EXERCISE ▸
Look through the listing below, find every line with the string "Pictures", and copy it.

THE DATA ▸
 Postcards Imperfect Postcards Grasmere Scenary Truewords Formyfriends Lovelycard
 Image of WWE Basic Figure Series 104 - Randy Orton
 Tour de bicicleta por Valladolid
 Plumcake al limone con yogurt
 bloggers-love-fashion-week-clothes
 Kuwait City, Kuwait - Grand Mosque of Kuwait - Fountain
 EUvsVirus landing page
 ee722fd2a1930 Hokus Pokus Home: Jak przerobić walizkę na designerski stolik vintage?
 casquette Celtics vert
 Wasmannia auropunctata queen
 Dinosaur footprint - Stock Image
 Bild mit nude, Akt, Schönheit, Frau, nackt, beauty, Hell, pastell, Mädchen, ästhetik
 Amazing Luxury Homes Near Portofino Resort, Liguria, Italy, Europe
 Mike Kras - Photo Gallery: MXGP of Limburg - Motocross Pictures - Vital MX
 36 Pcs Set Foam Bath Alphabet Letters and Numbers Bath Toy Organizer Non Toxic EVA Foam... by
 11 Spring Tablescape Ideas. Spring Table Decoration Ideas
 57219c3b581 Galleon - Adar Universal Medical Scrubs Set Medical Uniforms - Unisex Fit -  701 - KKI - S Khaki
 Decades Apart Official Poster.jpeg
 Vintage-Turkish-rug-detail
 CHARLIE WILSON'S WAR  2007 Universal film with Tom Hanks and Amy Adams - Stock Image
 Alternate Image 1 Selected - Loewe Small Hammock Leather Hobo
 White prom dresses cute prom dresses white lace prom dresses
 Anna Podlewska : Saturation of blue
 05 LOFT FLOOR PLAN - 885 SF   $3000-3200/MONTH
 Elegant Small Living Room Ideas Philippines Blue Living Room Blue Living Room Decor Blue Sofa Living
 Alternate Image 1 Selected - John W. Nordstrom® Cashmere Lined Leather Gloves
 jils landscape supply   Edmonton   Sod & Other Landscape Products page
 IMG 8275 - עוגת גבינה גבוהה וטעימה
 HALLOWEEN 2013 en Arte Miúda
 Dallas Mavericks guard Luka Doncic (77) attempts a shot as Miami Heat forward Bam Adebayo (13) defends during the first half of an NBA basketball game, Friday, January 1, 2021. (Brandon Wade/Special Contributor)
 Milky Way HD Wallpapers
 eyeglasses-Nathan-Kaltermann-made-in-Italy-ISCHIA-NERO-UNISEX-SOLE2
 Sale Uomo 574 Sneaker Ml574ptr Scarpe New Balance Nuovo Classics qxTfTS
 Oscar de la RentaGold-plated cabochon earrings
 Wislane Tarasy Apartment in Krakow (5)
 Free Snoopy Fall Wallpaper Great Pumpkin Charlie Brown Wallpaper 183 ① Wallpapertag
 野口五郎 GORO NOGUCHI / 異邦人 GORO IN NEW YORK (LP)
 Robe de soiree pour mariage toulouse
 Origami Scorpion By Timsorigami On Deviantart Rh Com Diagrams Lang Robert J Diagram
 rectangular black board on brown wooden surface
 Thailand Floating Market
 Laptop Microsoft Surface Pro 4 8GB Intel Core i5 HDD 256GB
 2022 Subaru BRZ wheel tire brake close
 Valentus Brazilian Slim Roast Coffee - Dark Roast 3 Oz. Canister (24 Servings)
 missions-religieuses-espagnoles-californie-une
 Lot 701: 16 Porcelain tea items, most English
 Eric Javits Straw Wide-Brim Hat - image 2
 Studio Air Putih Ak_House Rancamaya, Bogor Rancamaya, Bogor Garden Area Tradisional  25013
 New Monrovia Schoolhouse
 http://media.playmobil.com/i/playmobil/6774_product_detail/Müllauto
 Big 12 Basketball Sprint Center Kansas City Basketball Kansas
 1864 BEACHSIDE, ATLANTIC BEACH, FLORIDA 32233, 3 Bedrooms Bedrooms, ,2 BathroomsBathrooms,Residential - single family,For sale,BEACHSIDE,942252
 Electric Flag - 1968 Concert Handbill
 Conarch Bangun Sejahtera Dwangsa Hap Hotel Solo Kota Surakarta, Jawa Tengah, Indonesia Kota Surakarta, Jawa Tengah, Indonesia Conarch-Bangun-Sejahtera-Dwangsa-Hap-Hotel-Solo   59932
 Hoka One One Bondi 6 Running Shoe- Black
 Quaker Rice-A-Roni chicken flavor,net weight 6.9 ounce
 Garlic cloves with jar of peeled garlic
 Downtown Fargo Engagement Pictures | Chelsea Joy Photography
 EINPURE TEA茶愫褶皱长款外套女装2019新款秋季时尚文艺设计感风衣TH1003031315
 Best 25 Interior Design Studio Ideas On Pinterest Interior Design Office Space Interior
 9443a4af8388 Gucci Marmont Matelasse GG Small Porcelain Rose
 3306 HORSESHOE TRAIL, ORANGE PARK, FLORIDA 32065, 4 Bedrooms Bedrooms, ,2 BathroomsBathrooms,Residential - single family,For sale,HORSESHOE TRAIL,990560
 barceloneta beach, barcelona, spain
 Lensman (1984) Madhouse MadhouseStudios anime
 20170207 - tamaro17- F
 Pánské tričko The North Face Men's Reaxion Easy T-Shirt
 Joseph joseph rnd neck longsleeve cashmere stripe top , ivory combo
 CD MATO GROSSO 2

RESPONSE BOX ▸
 Mike Kras - Photo Gallery: MXGP of Limburg - Motocross Pictures - Vital MX
 Downtown Fargo Engagement Pictures | Chelsea Joy Photography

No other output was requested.